Auf die Frage, wie wichtig wird Touch für die  Unternehmensanwender, antwortete Neil Berville, Lenovo, Head of Channel Strategy EMEA, Touch werde ein Game-Changer. Die Leute wollen verschiedene Geräte. Touch ist gut, um Inhalte anzusehen. Tablets und Smartphones sind im Business und Touch hat Relevanz. Dan Tindall  Vice President Worldwide Channel Development & SMB bei Hewlett-Packard meint, das Uptake wird nicht sofortig sein, aber Touch wird allmählich wachsen. Touch ist Teil der gesamten Erfahrungen.

Auf den Einwurf von Canalys, dass Touch von den Anwendungen abhängt, dementierten HP und Lenovo, dass sie sich hin zu App Developern bewegen. „Aber es gibt App Tools von Lenovo, um die Leistung zu verbessern, wir haben ein sehr kleines Team (3 bis 4 Leute in EMEA), um die Entwickler zu ermuntern“, erklärte Berville. Es sei eine Chance für Reseller, Business Apps zu entwickeln.

Bei der Roadmap sieht Lenovo eine große Chance: „Windows 8 treibt uns zur Innovation, wir haben in dieser Woche vier neue Geräte vorgestellt und das war nur der Anfang“, so Berville. „Microsoft wird riesige Summen für Marketing ausgeben. Das wird eine gute Plattform für unsere Brand-Kampagne. Wir müssen bekannter werden.
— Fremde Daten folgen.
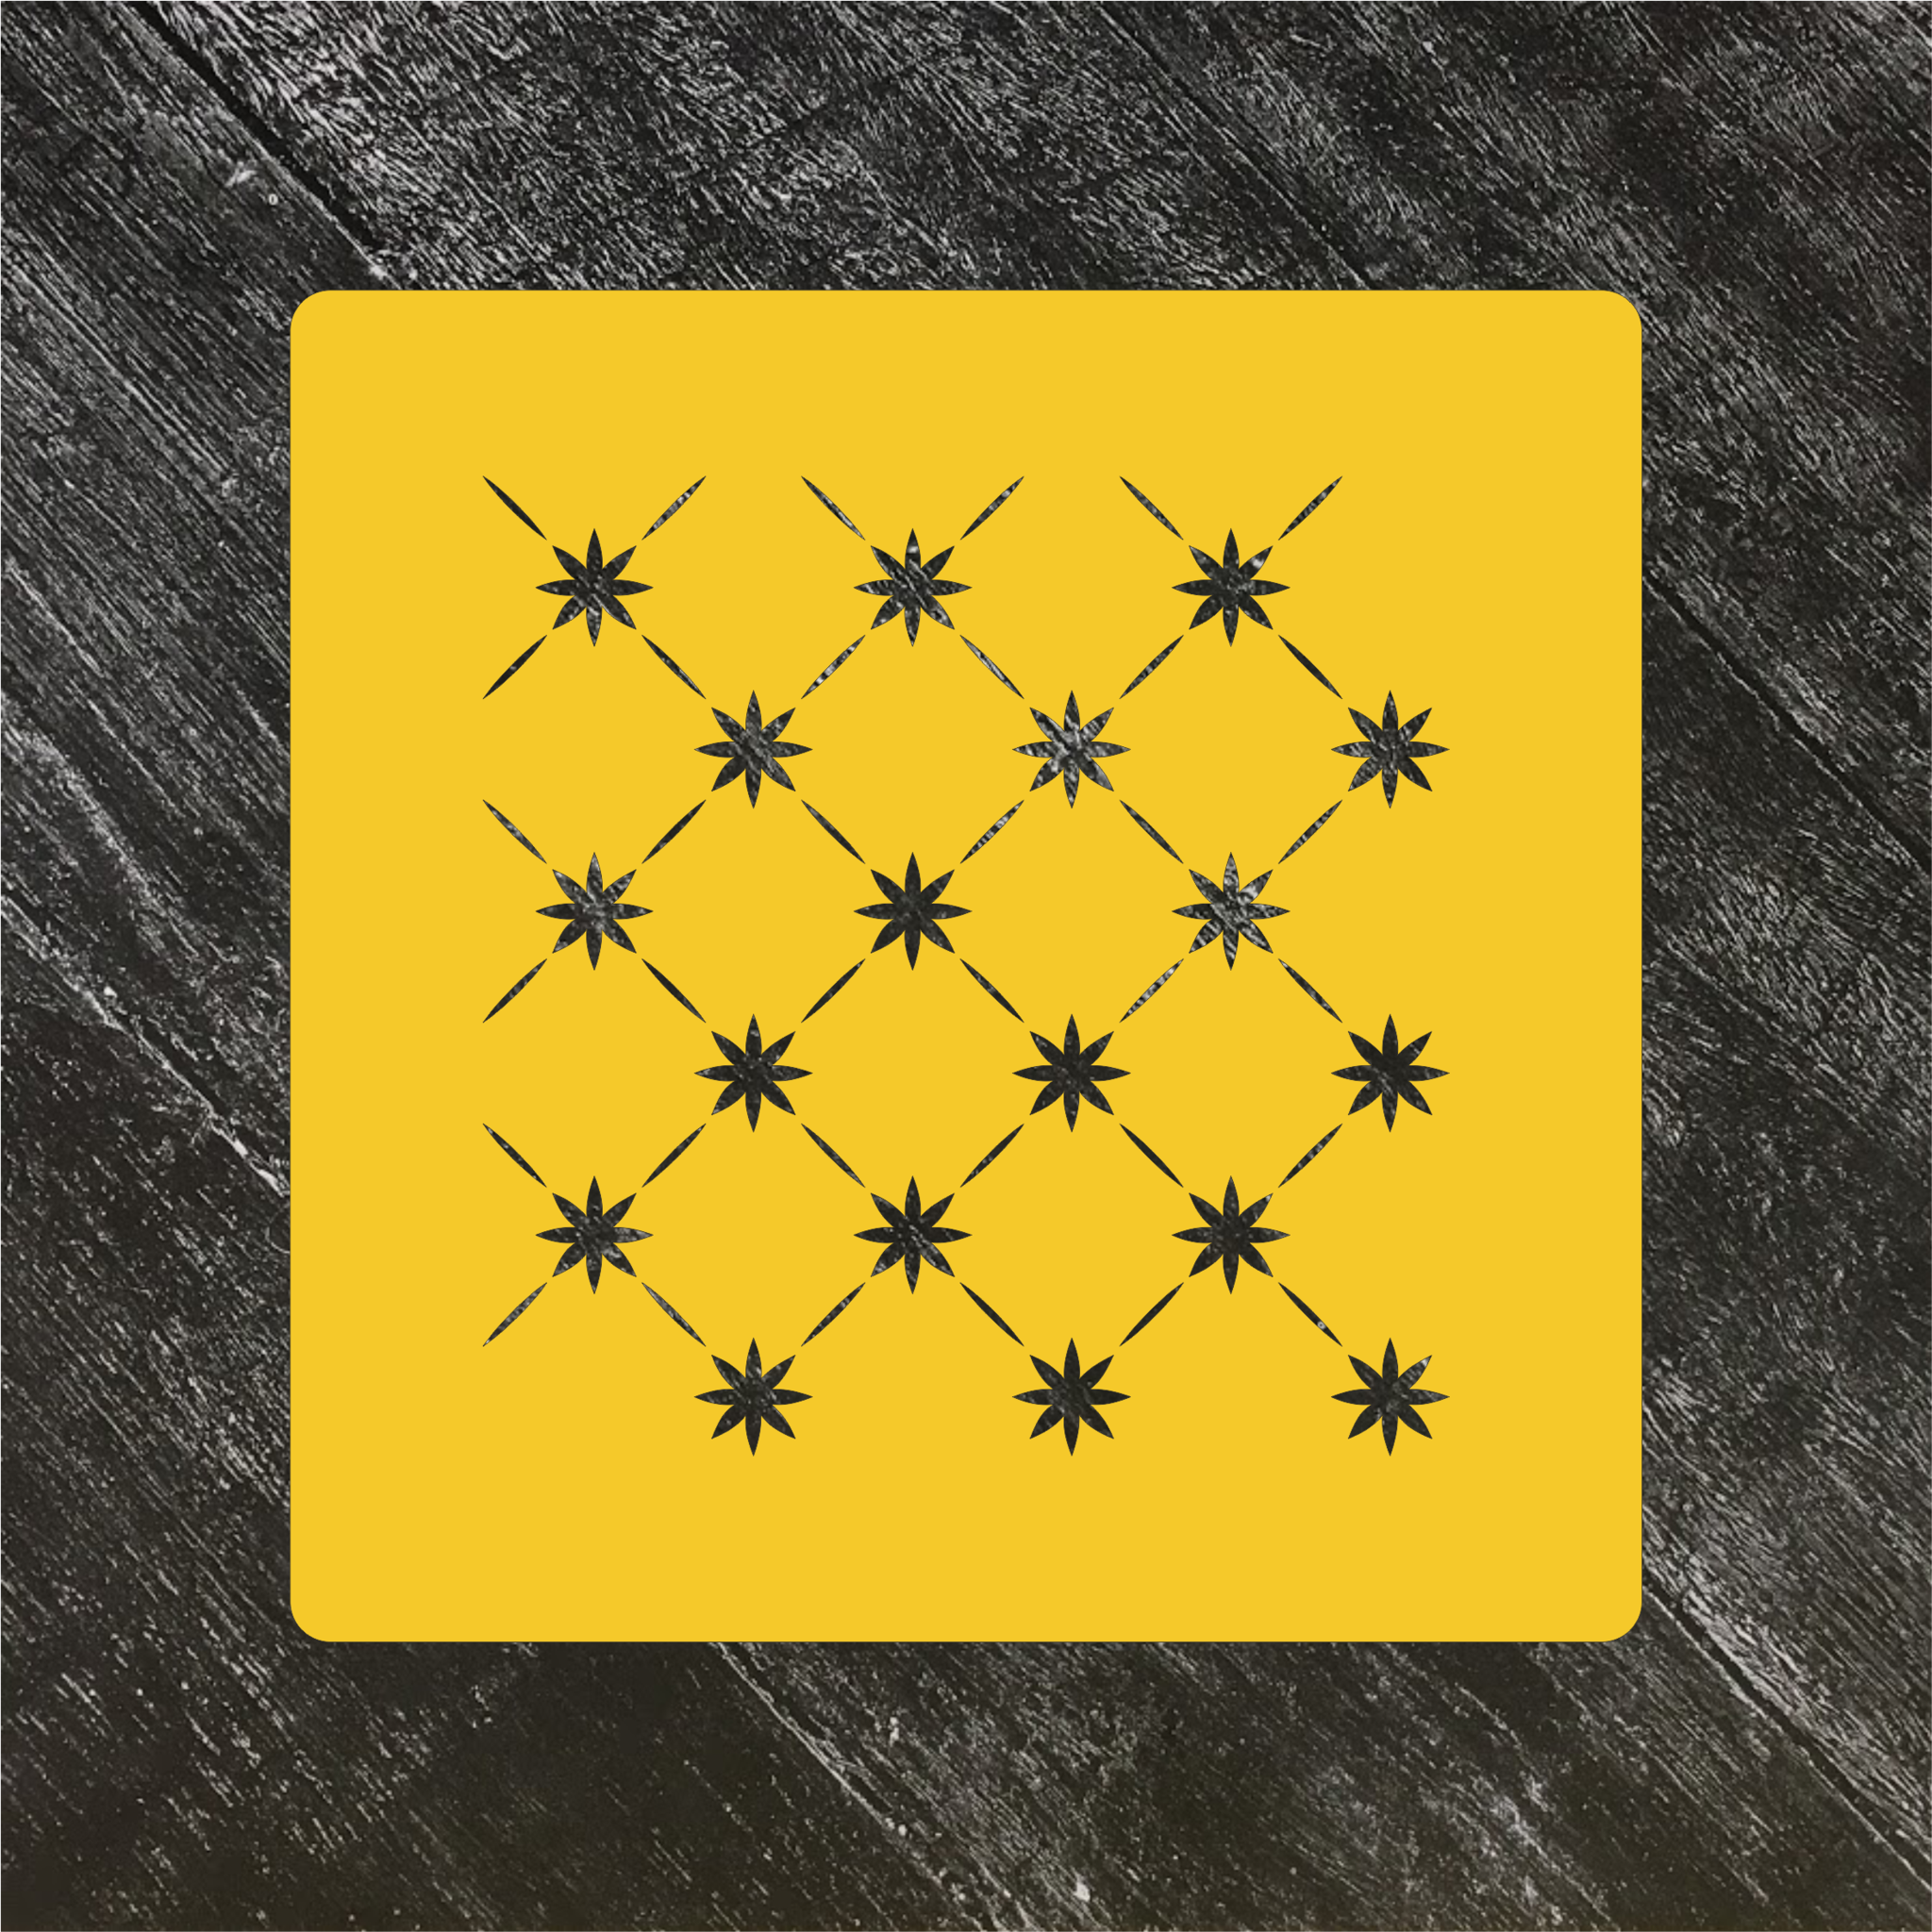 Трафарет-фон №7 Узор с звездами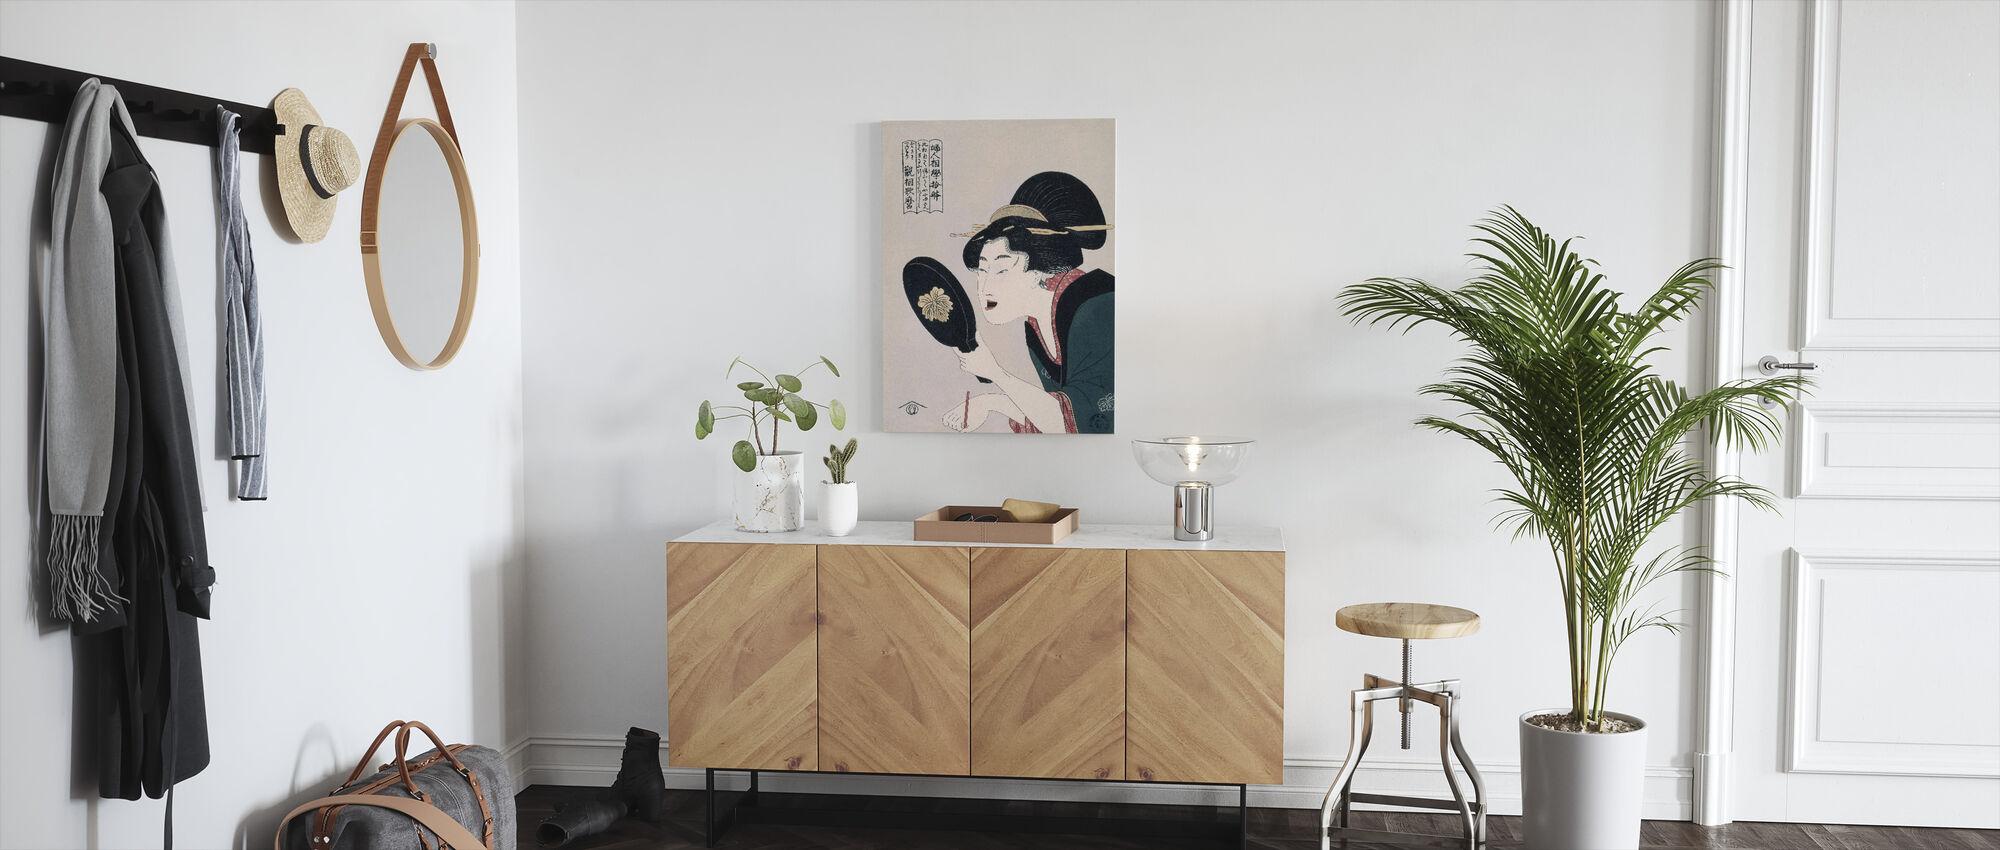 Tsuruya Kimon - Kitagawa Utamaro - Canvas print - Gang

Die Leute wissen nicht, dass wir die Nummer Zwei im PC-Markt sind.“ Auch HP will mit einer neuen Kampagne das Rebranding von HP jenseits des PC vorbereiten. „Hier wird noch mehr kommen und Channel-Programme werden vorbereitet“, berichtet Tindall.

Auf den Einwurf eines Resellers, er sehe eine Chance bei Krankenhäusern, sei aber glücklich über die Windows 7 Downgrade Möglichkeit, erklärten sowohl HP als auch Lenovo, sie seien ebenfalls nicht bereit, alles auf Windows 8 zu setzen. Tindall hält die zwei Versionen von Windows 8 für RT und Intel für verwirrend. Microsoft muss seine Marketing-Kampagne erst noch starten. Dem pflichtete Berville bei und erklärte, dass bei  RT einige Anwendungen nicht unterstützt werden, dies erfolgt über den App Store. Die Reseller müssen es verstehen und sich dazu positionieren. Aber es gibt unterschiedliche Anwender, nicht alle haben nur ein Gerät. „Wir wollen die Kunden nicht zu Windows 8 treiben. Ein großer Teil des Portfolios wird auf Windows 7 bleiben“, betont Berville. Berville sieht wenig Chancen bei Geschäftskunden, diese sind vorsichtig, aber bei Verbrauchern wird es Zusatzverkäufe geben. Auch HP wird zunächst nur ausgewählte Produkte für Windows 8 anbieten. Tindall rechnet mit einem langsamen Verkaufsstart von Windows 8.